▶ _The task_
Word for word, copy the lines beginning at the one with "Transcend 1TB StoreJet" and ending at the last line below; pictures stay out.

▶ _Data section_
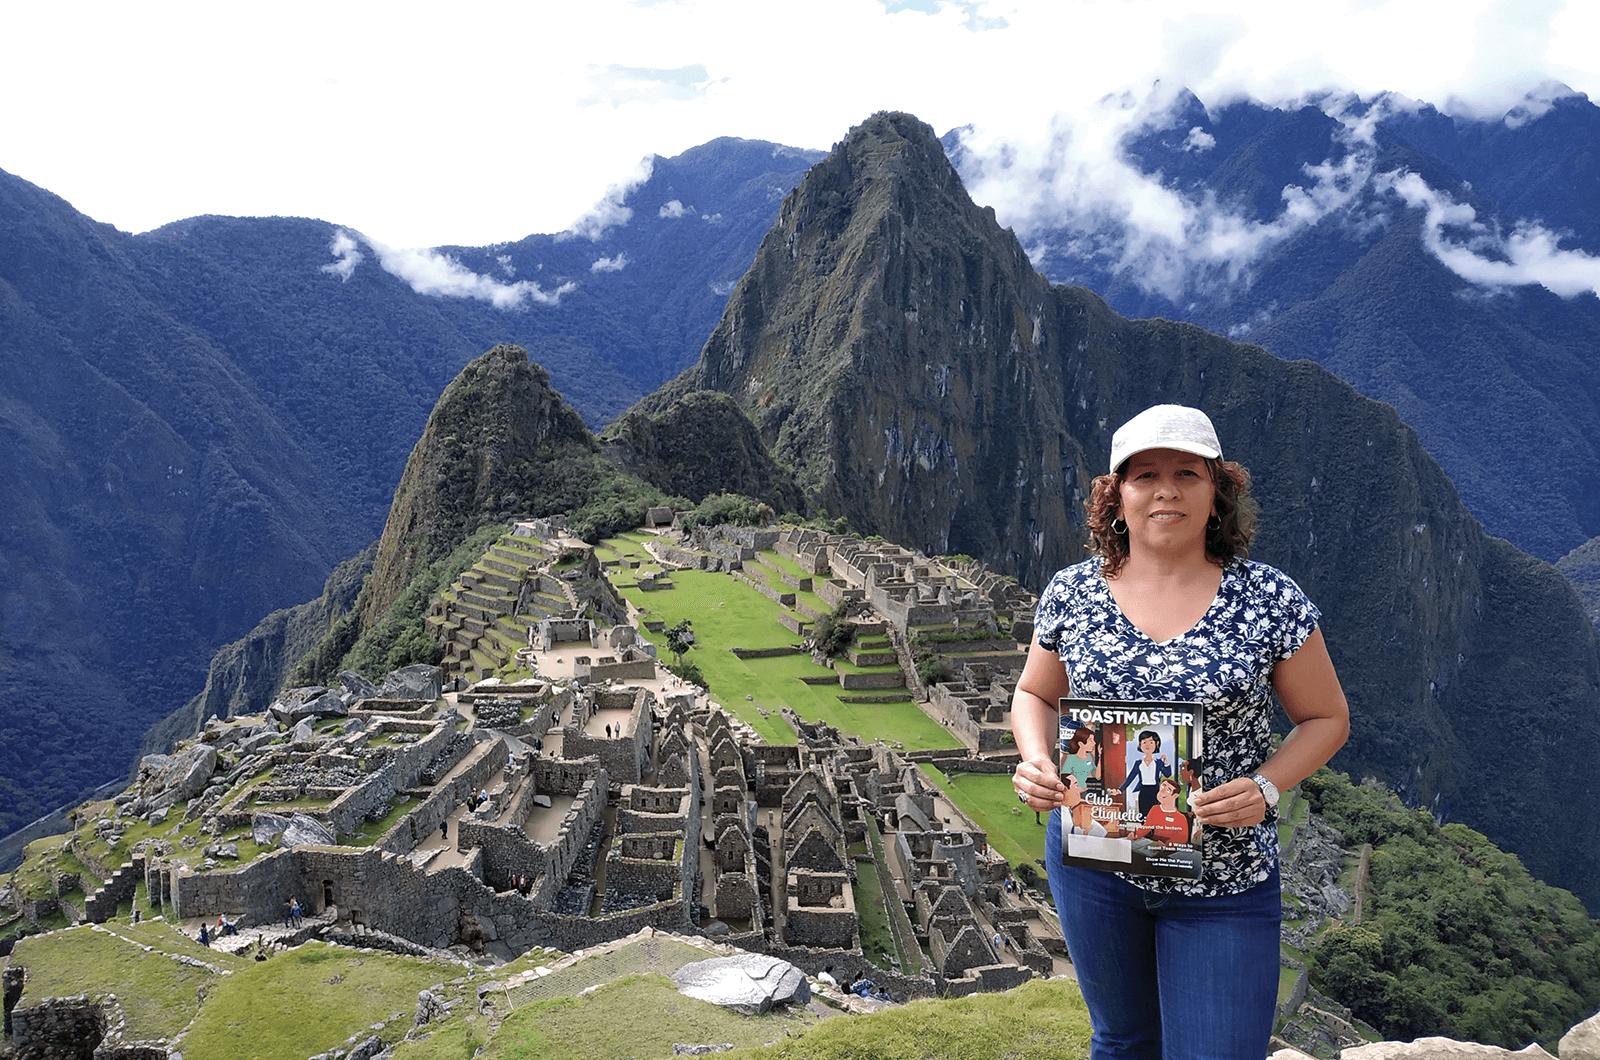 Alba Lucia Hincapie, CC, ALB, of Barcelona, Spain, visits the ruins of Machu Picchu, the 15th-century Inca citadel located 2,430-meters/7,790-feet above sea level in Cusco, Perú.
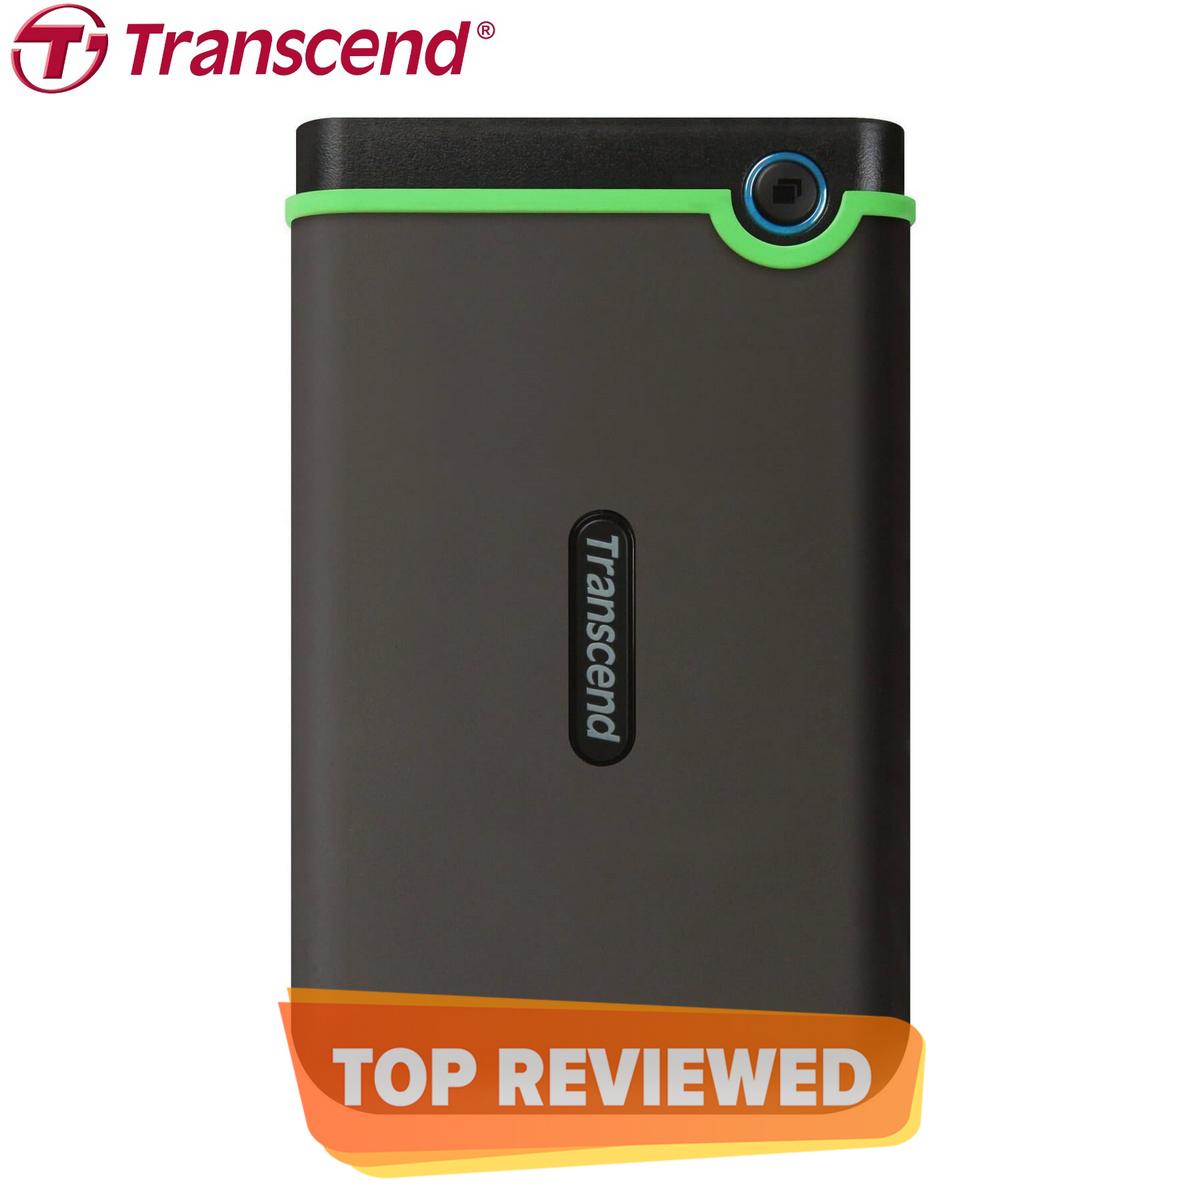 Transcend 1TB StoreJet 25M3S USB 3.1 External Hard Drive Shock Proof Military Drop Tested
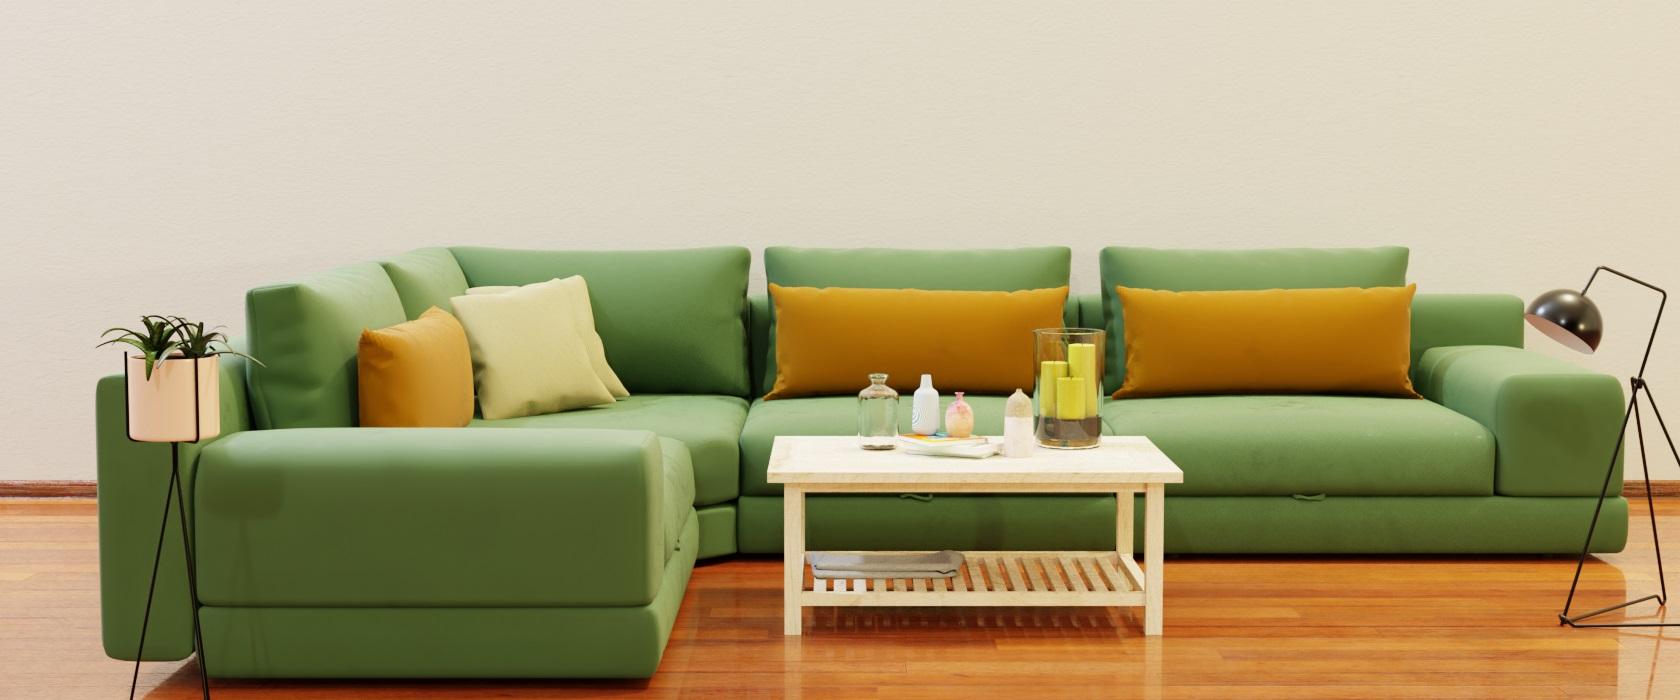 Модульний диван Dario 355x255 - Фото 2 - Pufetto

▶ _Exercise response_
 Transcend 1TB StoreJet 25M3S USB 3.1 External Hard Drive Shock Proof Military Drop Tested
 Модульний диван Dario 355x255 - Фото 2 - Pufetto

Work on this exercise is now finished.